Tuesday, March 24, 2026

Working on GedMatch

 First sibling completed and into the second sibling. I have changed the methodology that I was using and this will be a quicker study but I had to do the long form first just to make sure I was seeing everything that I wanted to see. I am looking for items that upset the apple cart primarily. Making sure that nothing exists that proves I am incorrect in my thinking. That of course is a mirage in many ways because the number of people who have tested their autosomal DNA remains small looking at a global existence. However, I just happen to be lucky to only have ancestry from the British Isles back into the 1400s as far as I can tell. But the Parish Registers certainly show my lines back into the 1500s some as early as the first registers in 1538 so I feel somewhat confident that I am capturing a true picture of my heritage since it includes the data for four other siblings and we all match in such a way that we are all descendant of our parents without a doubt. 

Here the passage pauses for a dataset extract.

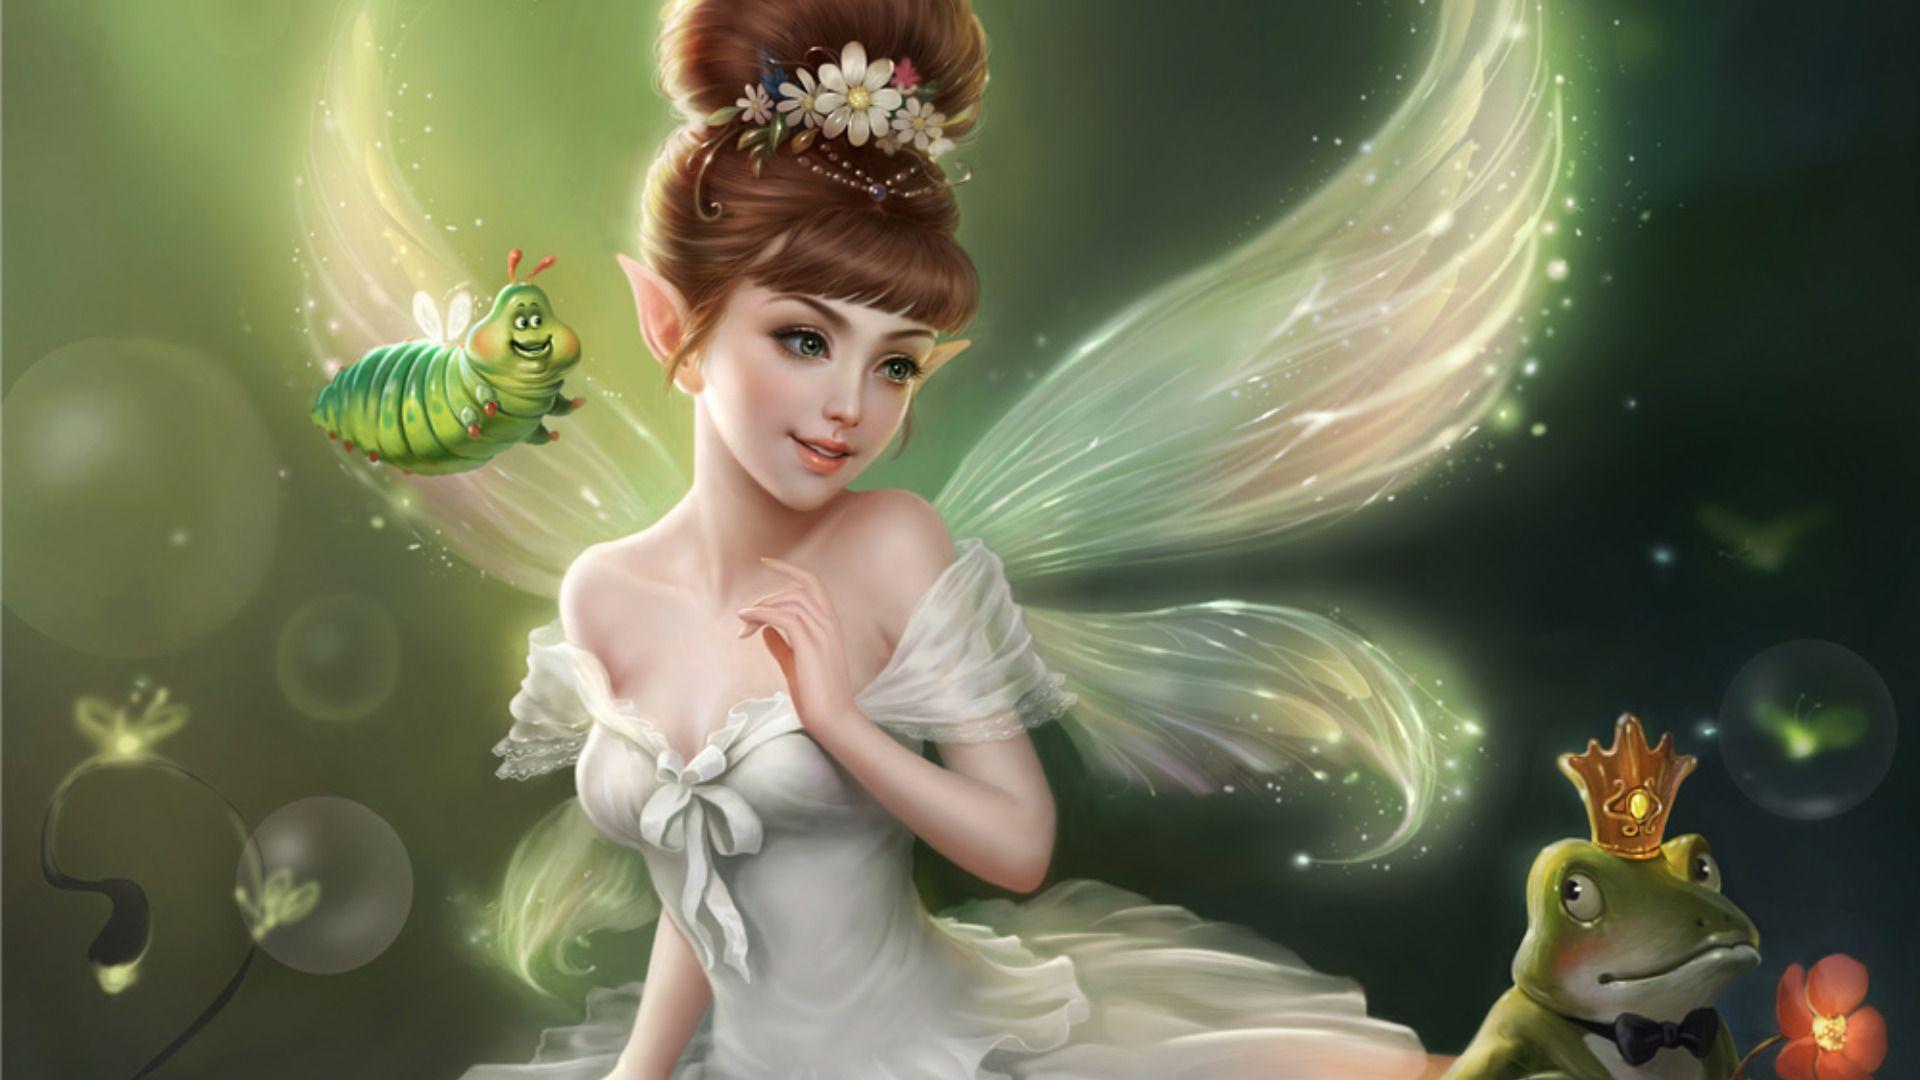 Beautiful Fairies Wallpapers - Wallpaper Cave

The interesting part in all of this is the desire and consistent updating of the ethnicity of these five siblings by the various testing companies. They keep drilling down deeper and deeper into areas of the British Isles where I have proven ancestry. The occasional sudden shift like from southern Dorset to Lancashire in the 1800s was already known to me by word of mouth. A huge 80 year old birthday party for Charles Butt in his native Dorset called home so many of those descendants and this being an endogamous group it was huge and remains very large around the world.  My grandfather was five years old at that time but he clearly remembered going to the party and seeing all those cousins. 

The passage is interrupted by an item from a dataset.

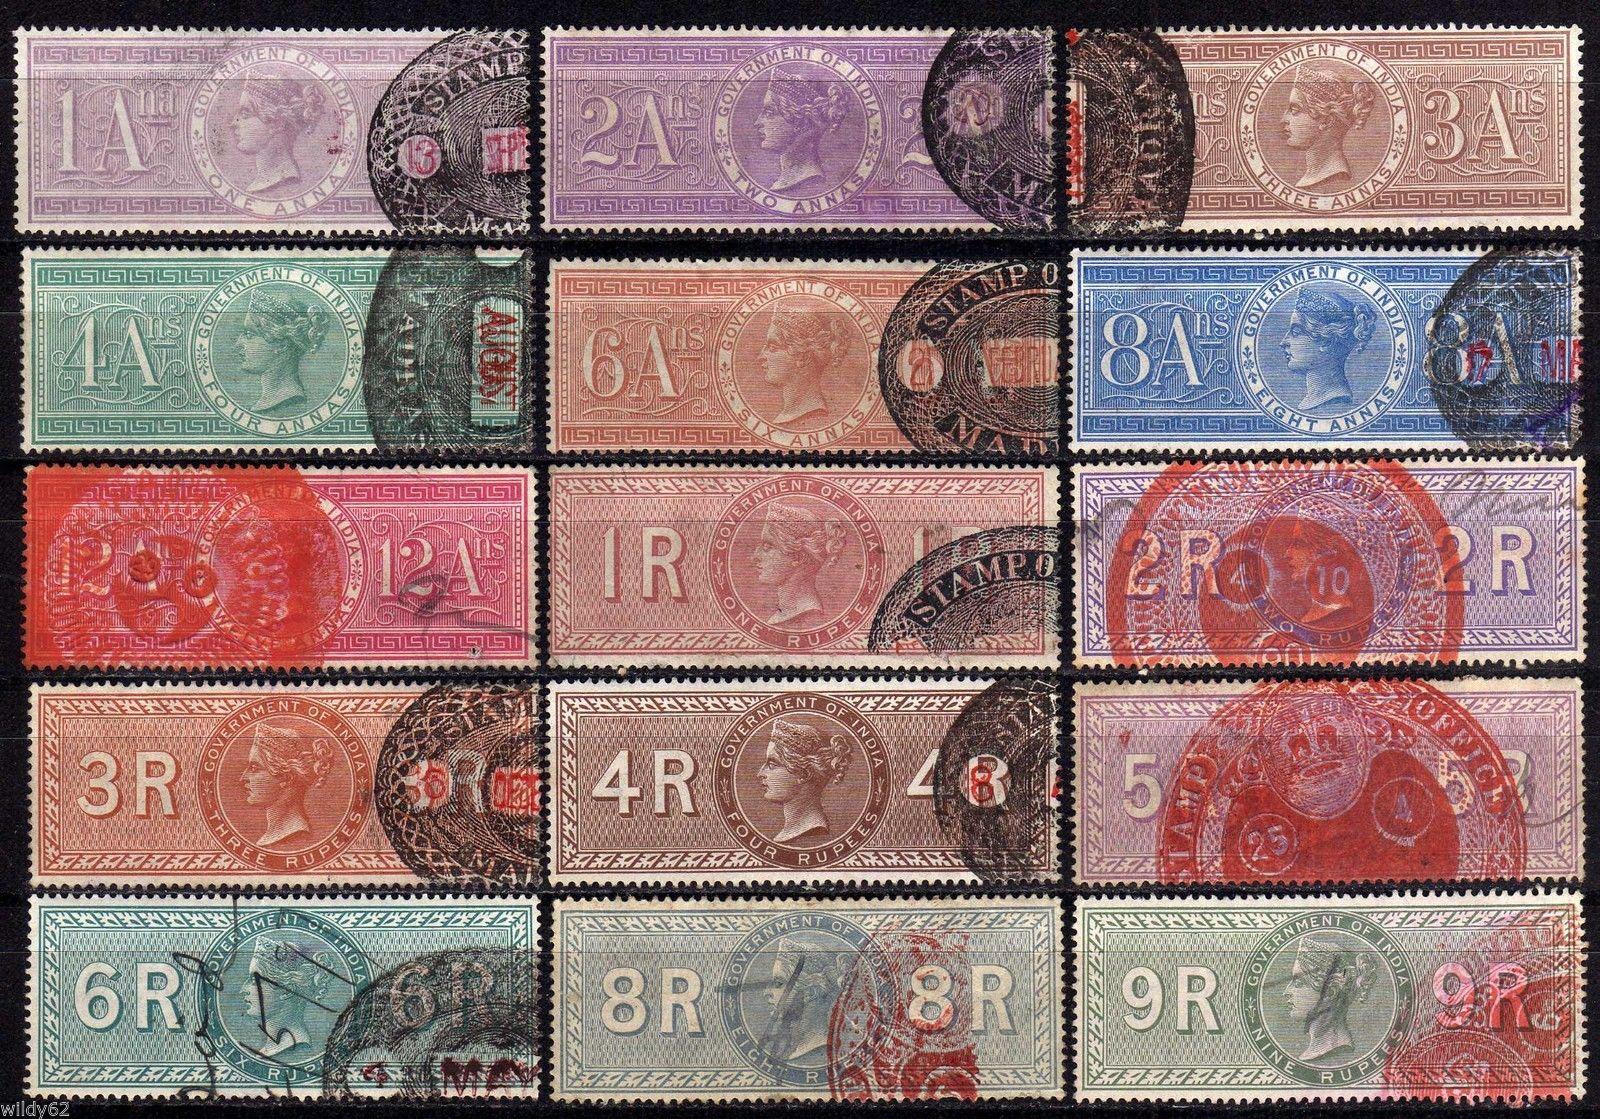 1 rupee revenue stamp in bangalore dating 7

Why did my grandfather recount these stories to me? Why choose a child of five years of age or perhaps even less as I can always remember him telling me stories. He would repeat those stories ad infinitum throughout our time together. Being the child I was though, adoring him completely, I listened and never said you already told me. I just loved listening to him tell me his stories of his life in the country of his birth. But the cause was his discovery of a book in the local Library written about the Blake family of Galway, Ireland. He wanted us to know that we were descendant of the Blake family of Andover and Upper Clatford where he was born. That was very important to him. Coincidentally in the latter part of the 1800s people came from America (Blake descendants) trying to find out more about Nicholas Blake of Knight Enham nr Andover who had been given a different family line by Horatio Gates Somerby (a fraudulent American genealogist who wrote stories for people in the United States about the Blake family that were incorrect (and there were other families who received the same makeover)). 

So I continue my pursuit of data that could point to something contrary to what I have put together thus far. This recent email from a descendant of the Hinxman family of Upper Clatford is interesting as he is on site there and looking at documents that might well interest me since there was a marriage between a Blake female and a male Hinxman way back in 1610 at Andover.  Elenor Blake (daughter of Richard Blake and Jone (Blake) Blake) married Joseph Hinxman 10 Dec 1610 at St Mary Andover. A very distant relationship (I estimate that Eleanor is my 9th great grandaunt). So yes I will be looking keenly at anything he does send me as this is a difficult time in the records coming into the 1630s/1640s/1650s as Cromwell had taken over the government of England and suspended the Parish Registers. However, some brave souls recorded them anyway and that included William Blake of Andover (and Foxcott) who married Ann Hellier 5 Sep 1644 at St Mary Andover and recorded the baptisms of three children at Penton Mewsey near Andover and at St Mary Andover itself. It is the linchpin in my thoughts with regard to the descent of my Blake line that eventually moved from Andover to Upper Clatford with the marriage of Joseph Blake to Joanna King 8 Jun 1757 at Upper Clatford All Saints. 

Tea all drank and now the solitaire puzzles to do. It is a good way to really jumpstart my brain in the morning. Another working day ahead of me; cleaning all done for this week.  

Prayers continuing for our beautiful world. Special prayers for the souls of the two pilots who died in the accident at LaGuardia Airport. Continuing prayers for those in hospital recovering from the same accident.